Lower Wavenumber Resolution with Prism Waves and Free-surface Multiples

To demonstrate the enhanced wavenumber coverage of multiples, the point-source response of the yellow vertical reflector in Figure 4.10 is computed by a finite-difference method. The trace is windowed about the reflections and then migrated by RTM to get the prism wavepath image (Dai and Schuster, 2013). As the length $L$ of the prism ray gets longer, the wavepath becomes thicker by $\sqrt{\lambda L}$ . In this way, the deep prism-reflection wavepath provides lower wavenumber information about the model compared to primaries.

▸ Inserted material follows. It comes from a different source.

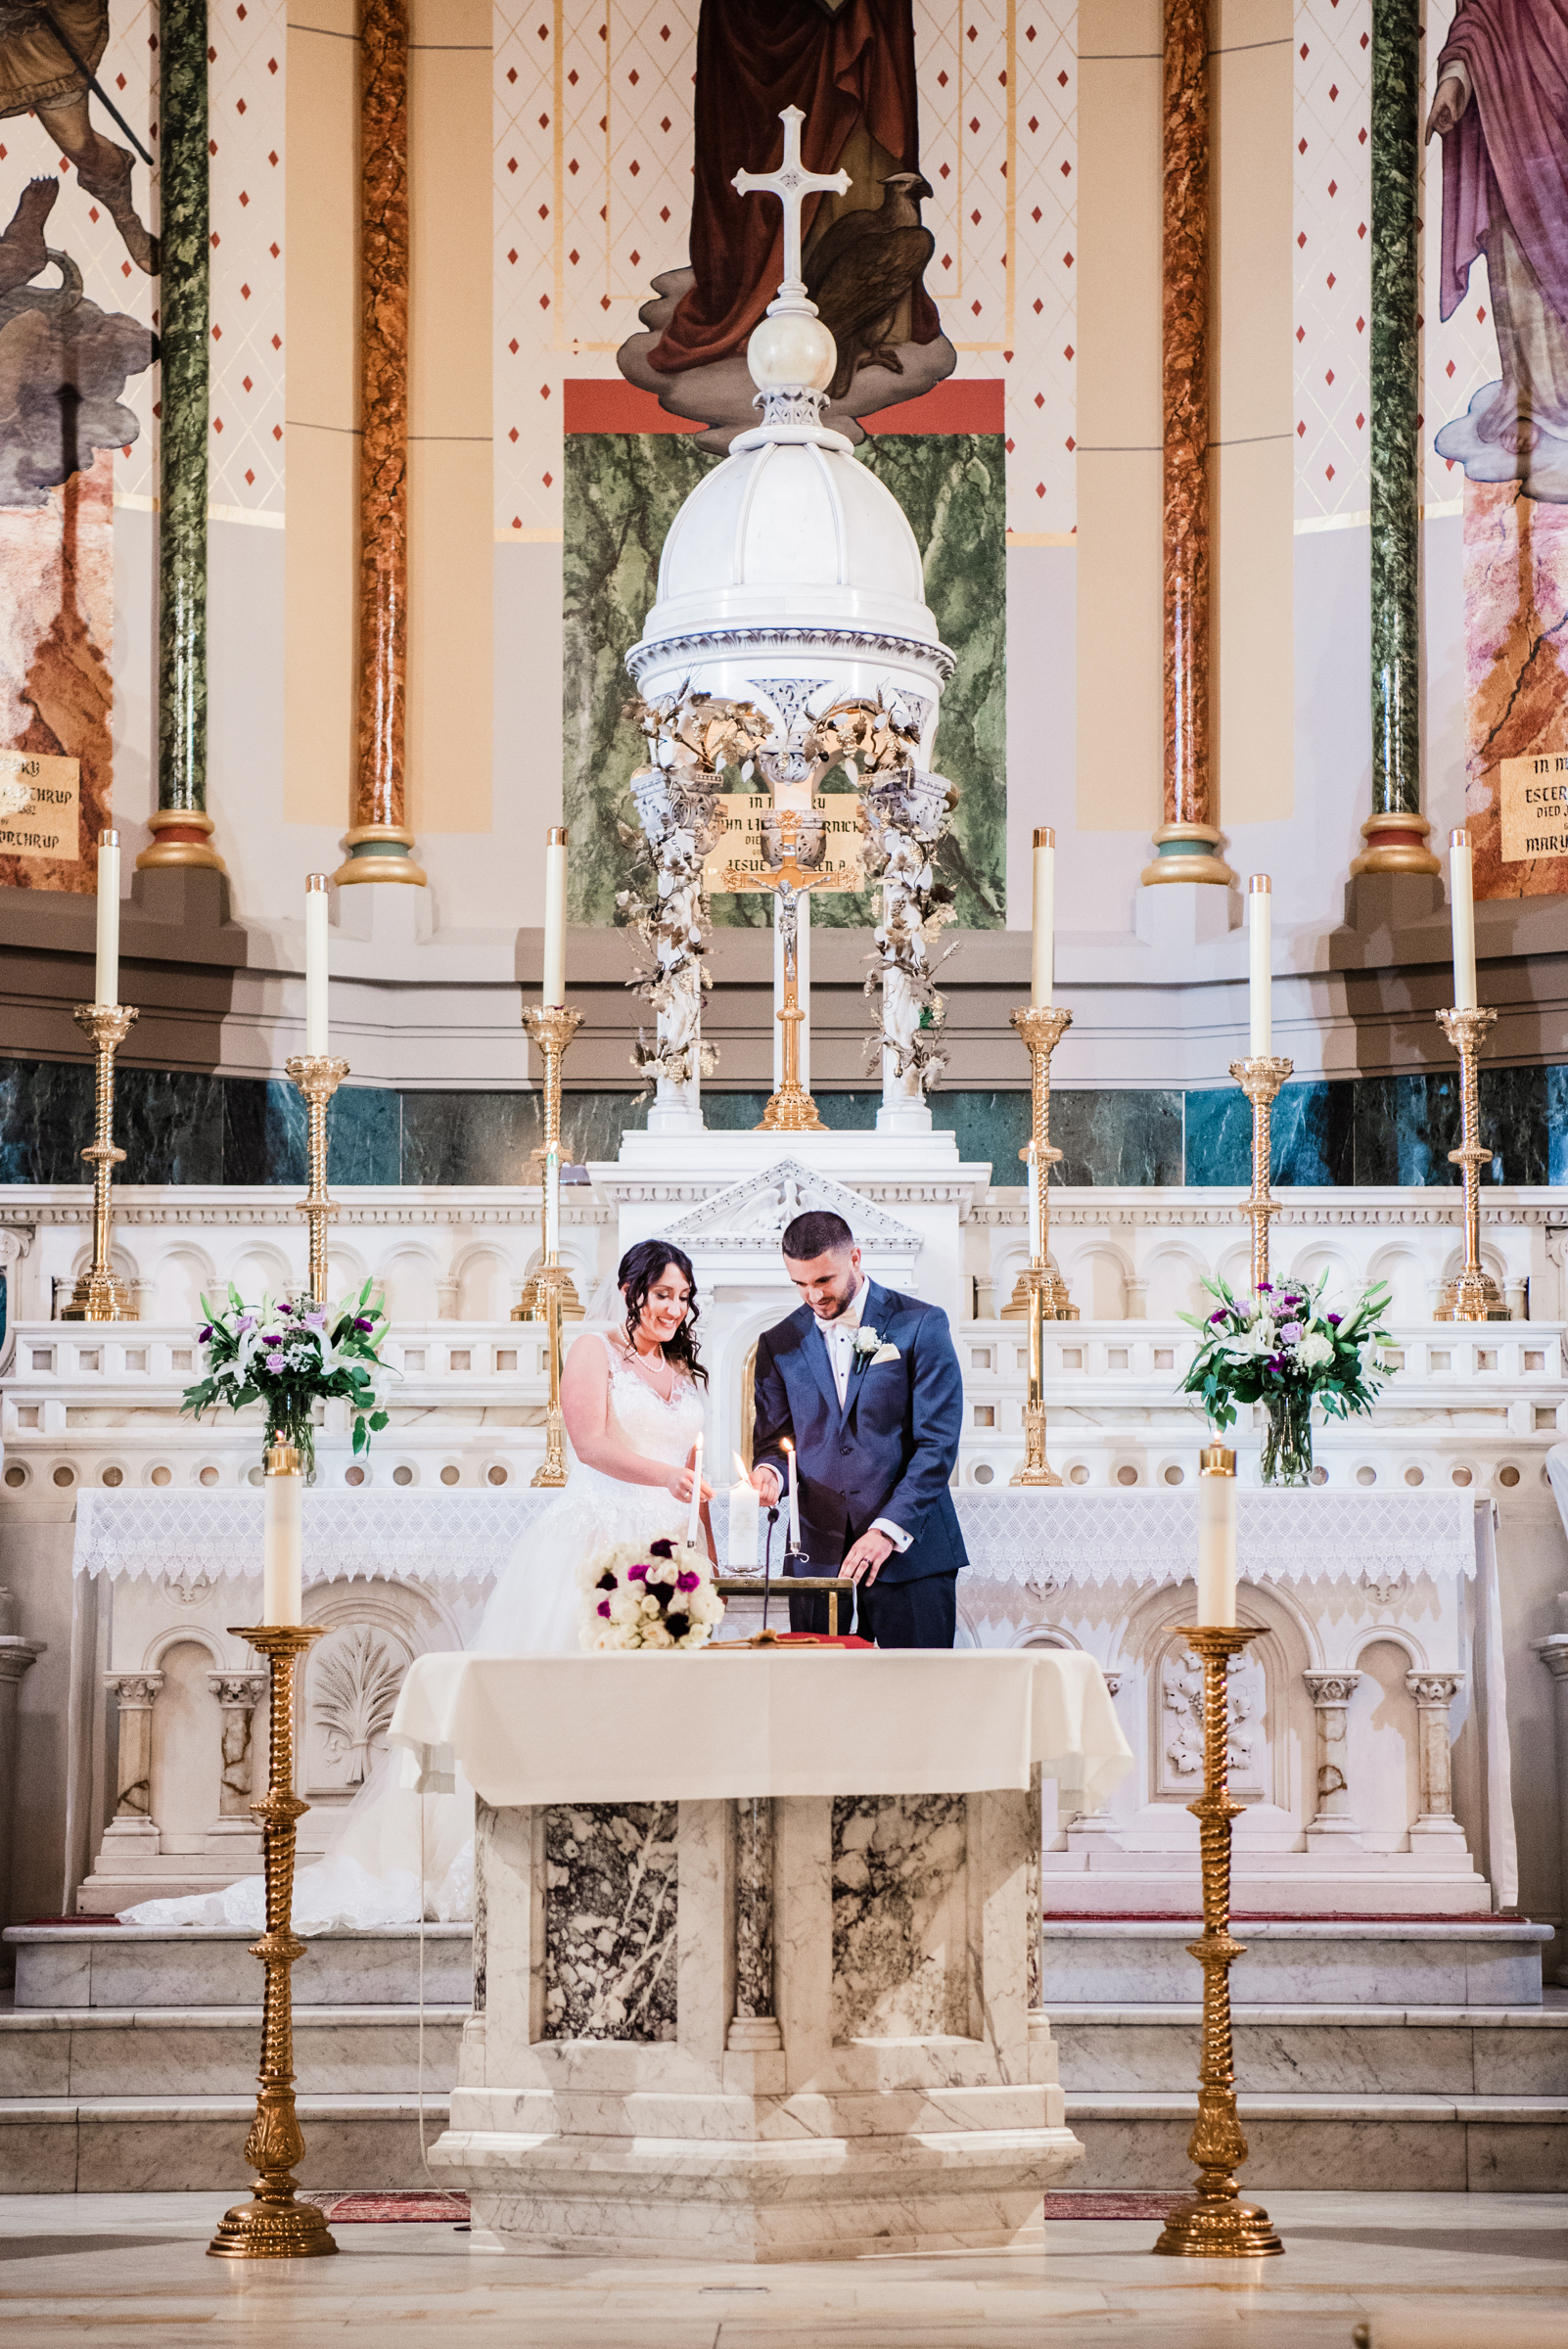 Historic_Old_St_Johns_Church_Valentinos_Banquet_Hall_Central_NY_Wedding_JILL_STUDIO_Rochester_NY_Photographer_DSC_5800.jpg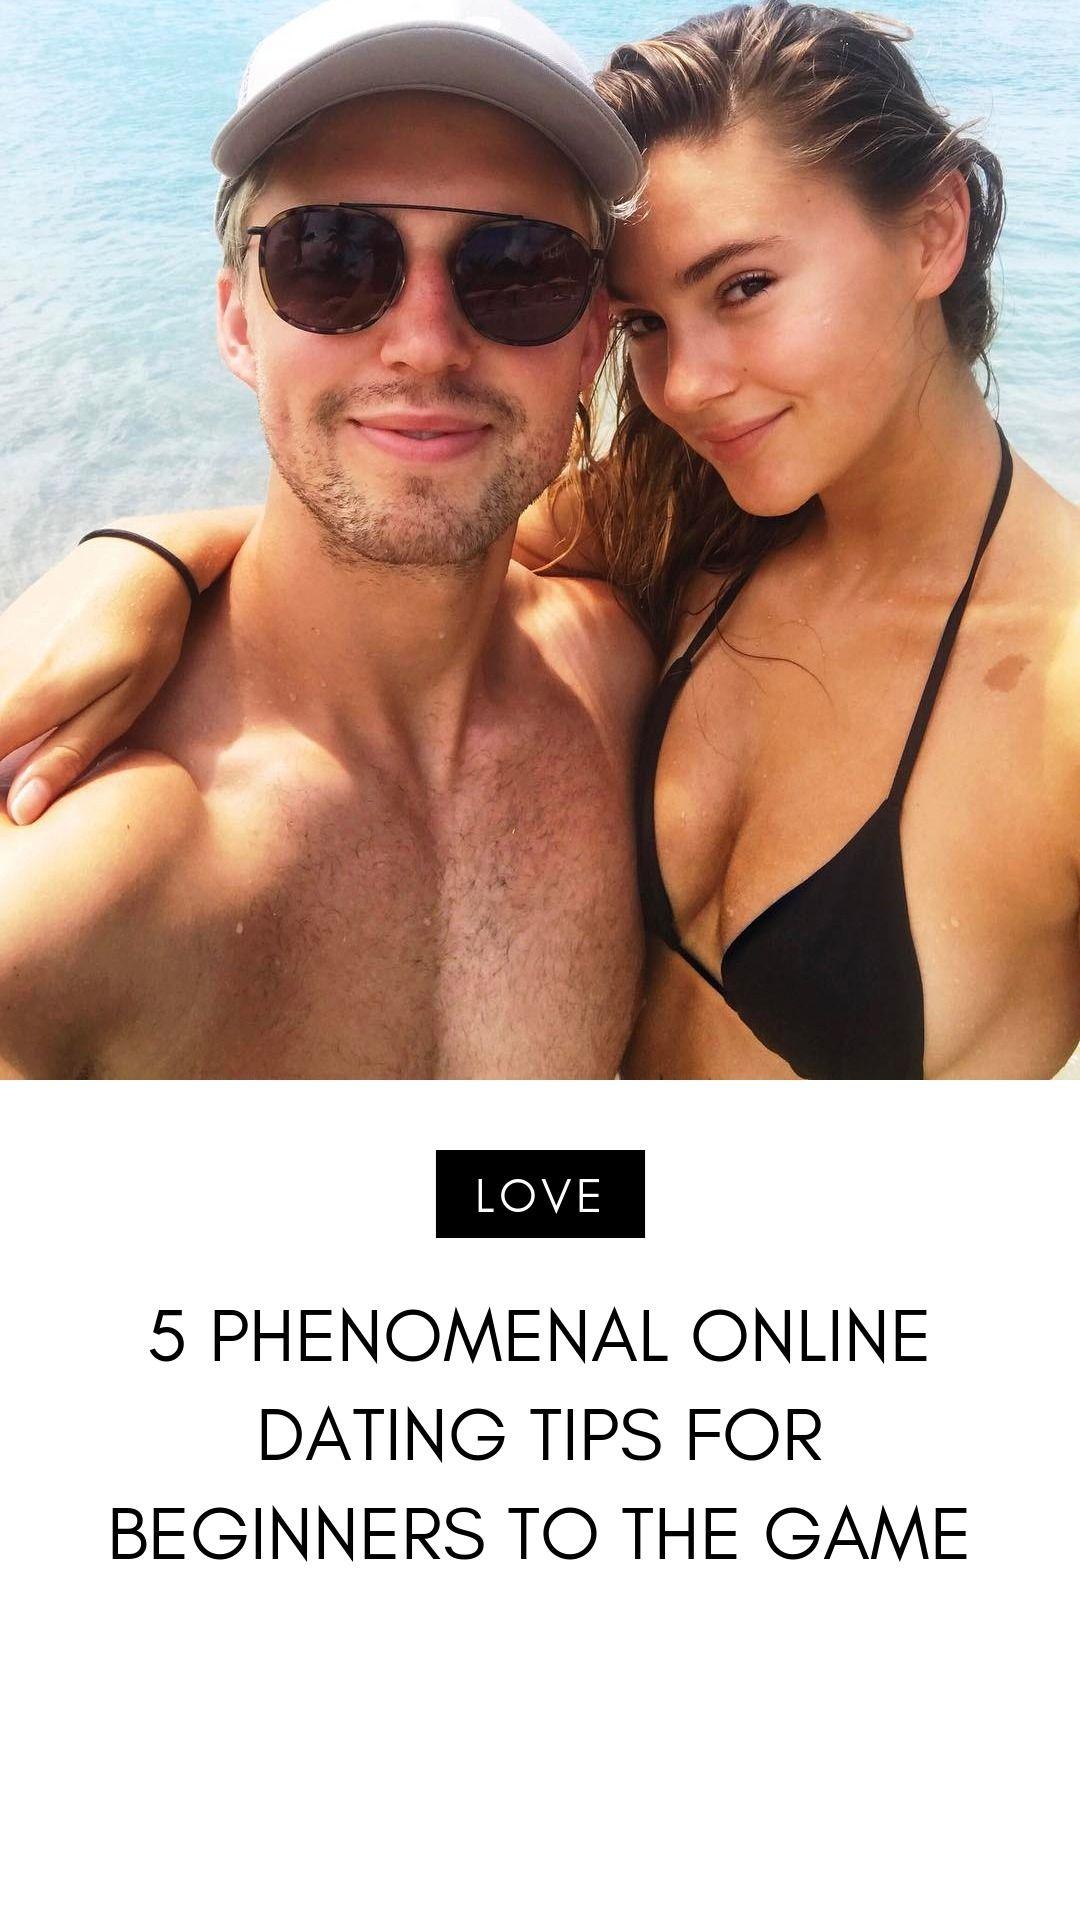 15 year age gap dating

Such low wavenumbers are at the top of the FWI wish list for providing a good starting model for subsalt imaging.

Another example is shown in Figure 4.11. Here, the prism-wave reflection in b) achieves the same low-wavenumber resolution as the 1st-order free-surface multiple in a), but only requires about 1/2 the source-geophone offset of a). The deeper the reflector for the free-surface multiple, the thicker the wavepath and the lower the wavenumber in the estimated model.

Figure 4.11: Wavepaths for a) the 1st-order free-surface multiple and b) the prism-wave reflection from the yellow block. Note, the source-geophone offset for b) is about 1/2 that for a), and the dashed ellipse is the wavepath for the mirror source at the bottom left.